Although many Negroes were volunteers, others like white men, had to be drafted. Still others, like their white comrades, sought to evade the draft. Officers were accused of using strong-armed methods to induce both races to " join up." Lincoln ordered such action stopped.

Yet many Negroes, who would have enlisted, were dissuaded by conservative officials and by guerrillas who tortured, beat and hanged prospective enlistees. Hundreds ran away some going as far as Massachusetts to enlist.

Some blacks enlisted as substitutes for white men, others joined in order to get a bounty of $100 if the slave was drafted; $300 if the slave volunteered. The masters, however, received the bounty.

Discrimination followed the Negro into the Army. Negroes, like whites, were promised a bounty but not until the war was over did they receive it. While white soldiers received $13 a month of which three dollars was for clothing and also one ration, Negro soldiers were given $10 a month, three of which was for clothing and one ration.

Blacks were given inferior weapons and materials, inadequate medical care and, if captured, were killed, until Lincoln and Grant threatened to treat captured Confederates in a similar manner. Negro soldiers as well as white soldiers were often bounty jumpers, many blacks seeking the promised land of Kansas, Iowa, and other free states.

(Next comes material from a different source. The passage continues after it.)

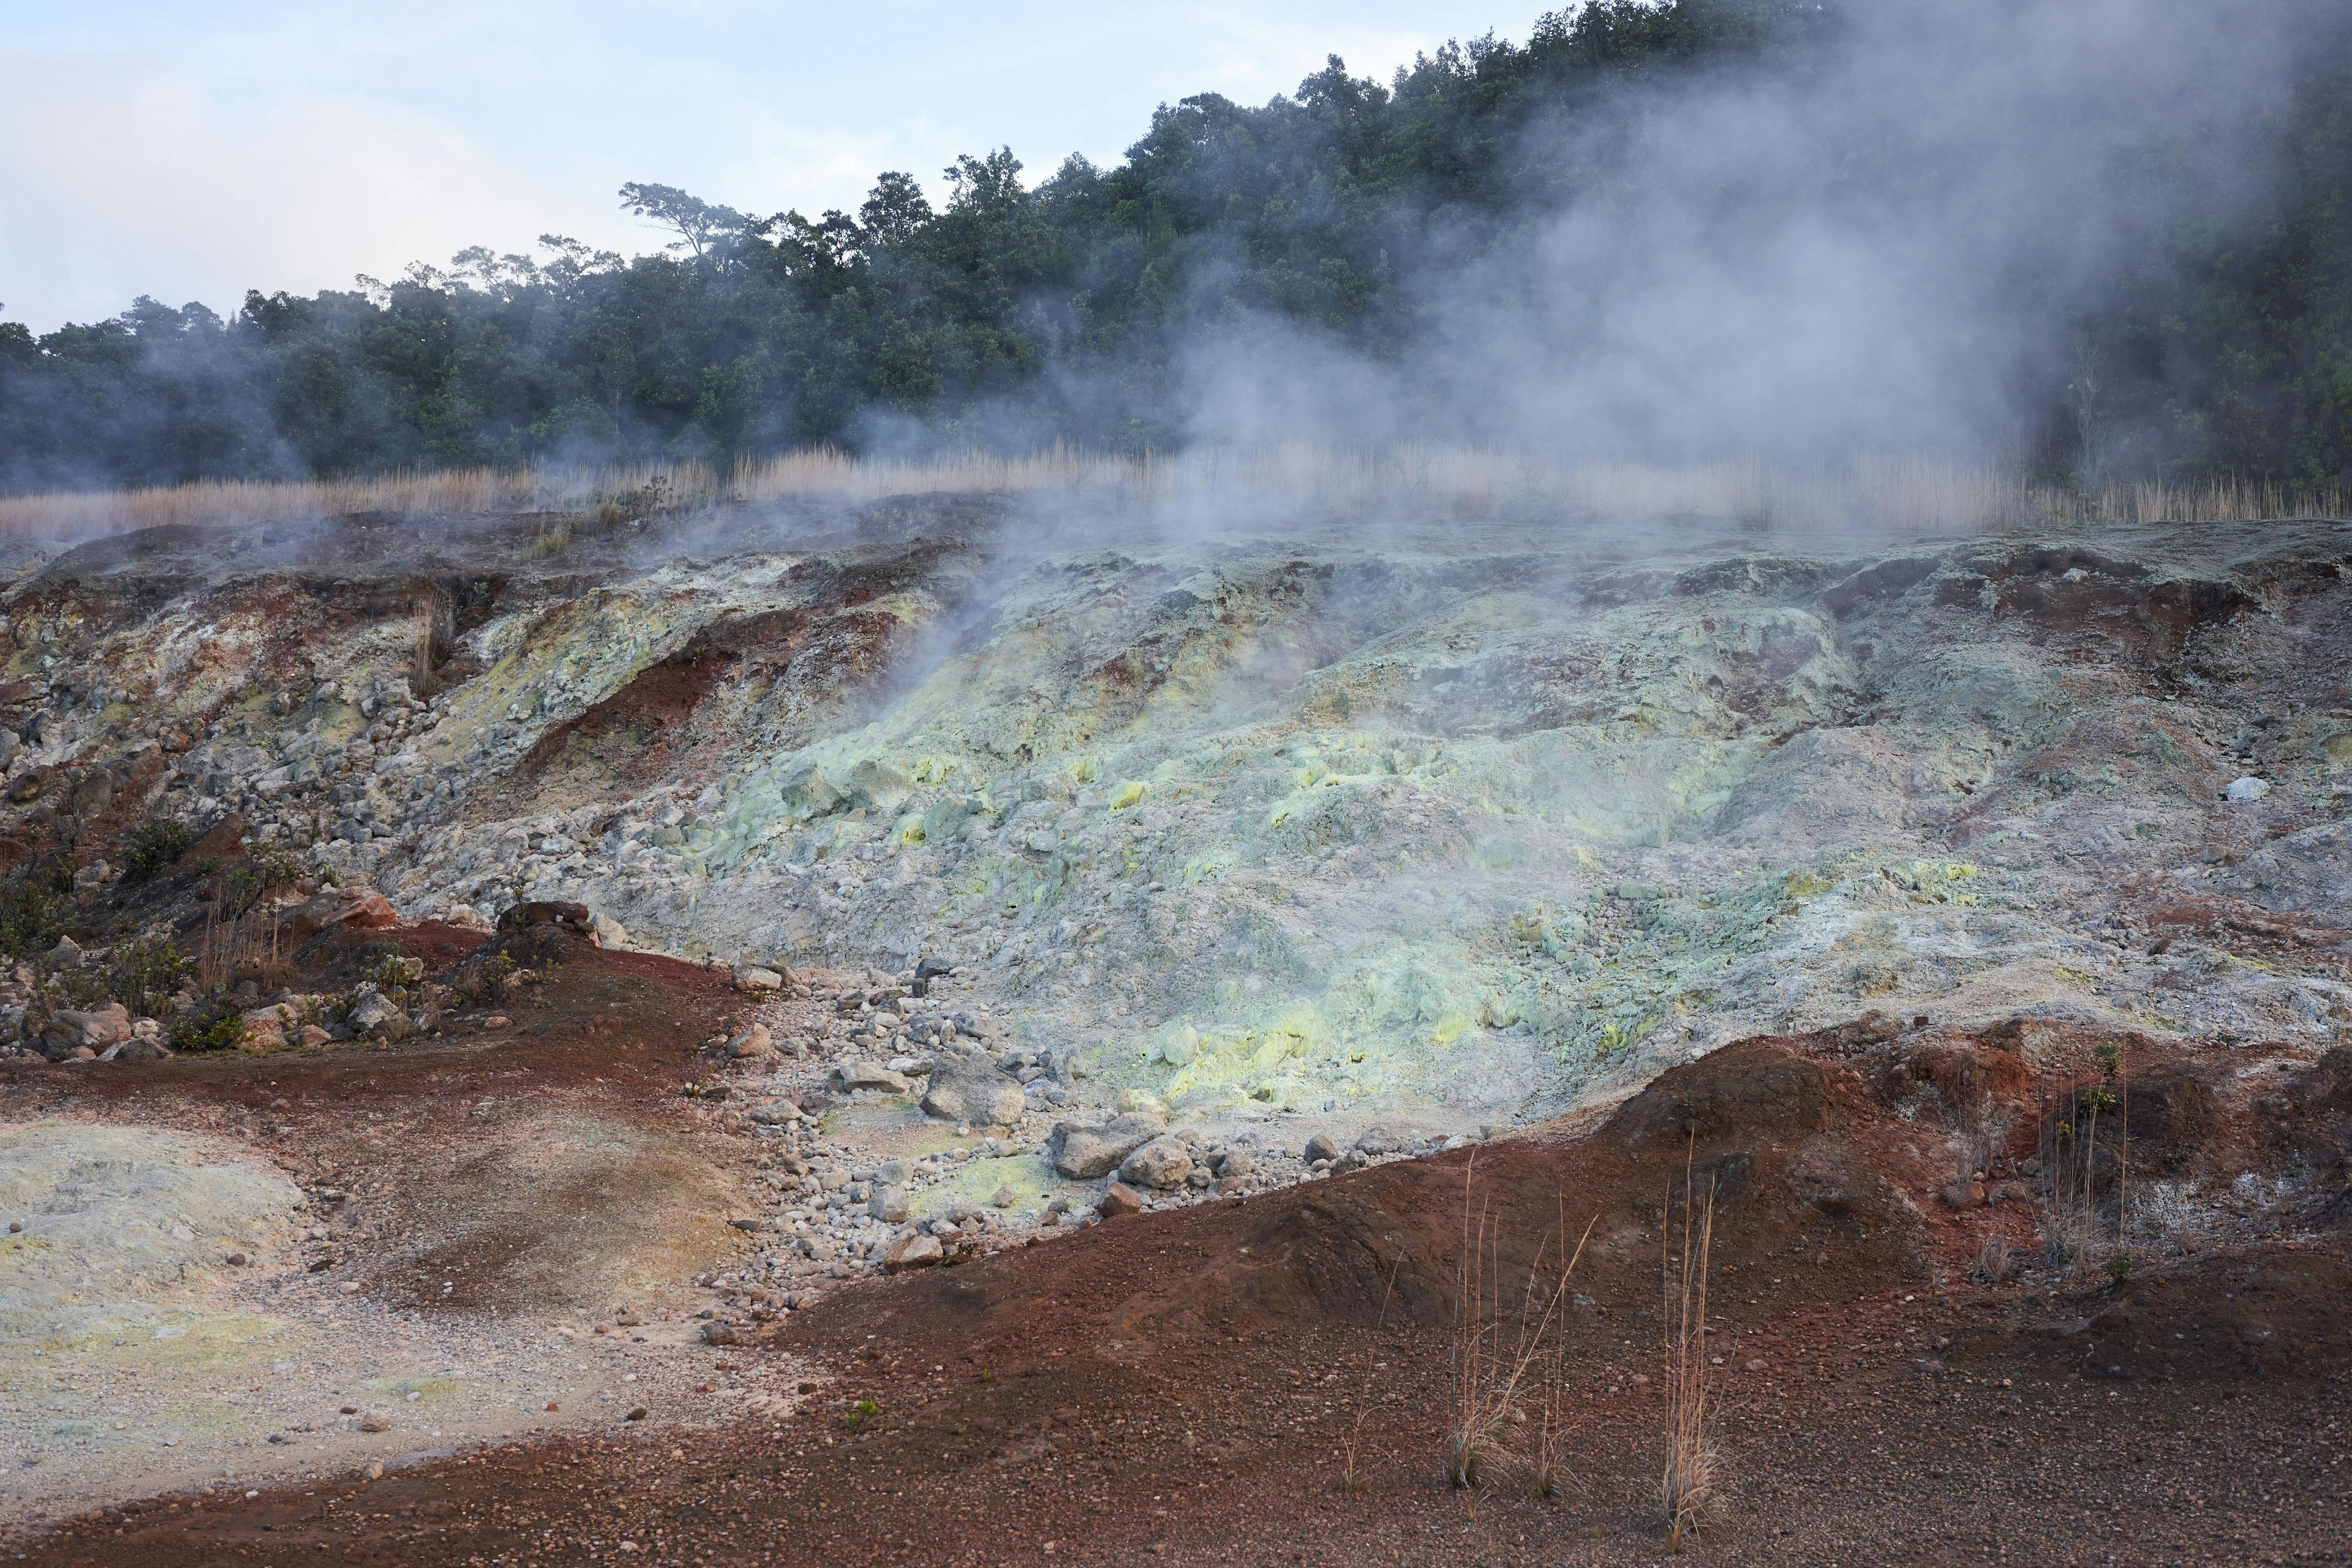 Volcanic gases rich in carbon dioxide, sulfur dioxide and hydrogen sulfide seep out of the ground along with groundwater steam at Sulphur Banks (Ha'akulamanu) in Hawaii Volcanoes National Park. | Image Credit: © Tada Images - stock.adobe.com
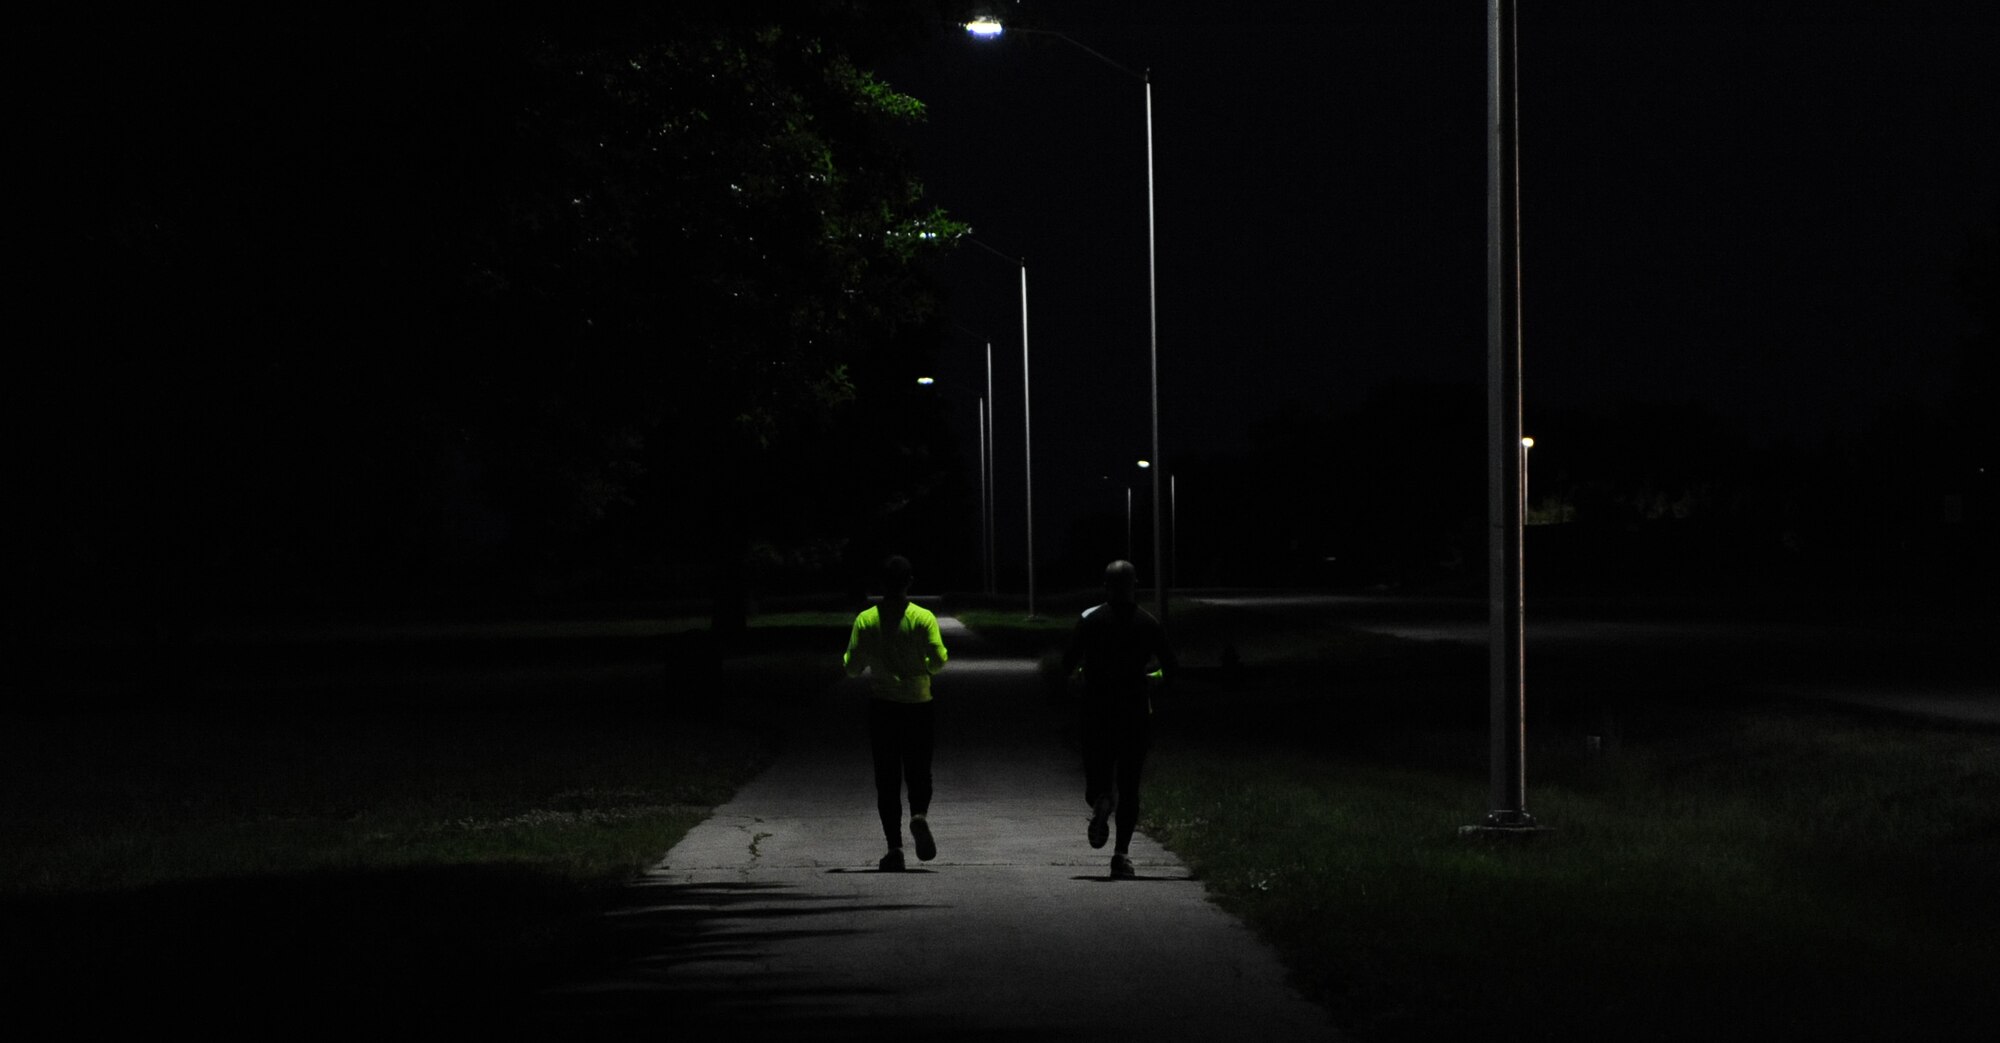 U.S. Air Force Staff Sgt. Brendan Brustad and 1st Lt. James Laughridge, both from the 509th Medical Support Squadron, run during the early hours of the day at Whiteman Air Force Base, Mo., May 19, 2015. The Joplin Memorial Run is an annual event where participants can register to run a half-marathon or a 5K. Brustad registered for the run but rather than running the distance, he ran 161 miles over the course of six days, all on Whiteman Air Force Base. (U.S. Air Force photo by Senior Airman Joel Pfiester/Released)

Slaves performed other valuable services for the Union Army besides fighting. They acted as informants and spies pointing out locations of bushwhackers and guerrillas. Black men worked as teamsters, cooks, builders of breast works and in other non-combat capacities. Many black women acted as nurses.

Others contributed to the Union cause in a variety of ways. Most important of these women was Mrs. Lincoln's confidant and friend, the beautiful Mrs. Elizabeth Keckley of St. Louis. She accompanied Mrs. Lincoln to the White House, spoke before abolitionist groups and raised money for Negro contrabands.

In 1865, the Confederacy fell, with President Davis making a last effort to save it by using Negro troops.

Governor Thomas C. Fletcher ended slavery in Missouri on January 11, 1865, by executive proclamation. Eleven months and twelve days later, slavery was abolished in the United States by the Thirteenth Amendment.

The war held out bright hopes for Missouri blacks. Psychologically, the War had a tremendous effect upon the Negro soldier. He went into the army as a property he came out a man. It restored his humanness. Legally blacks were free, but the road ahead was one of bitter trials and disappointments for them.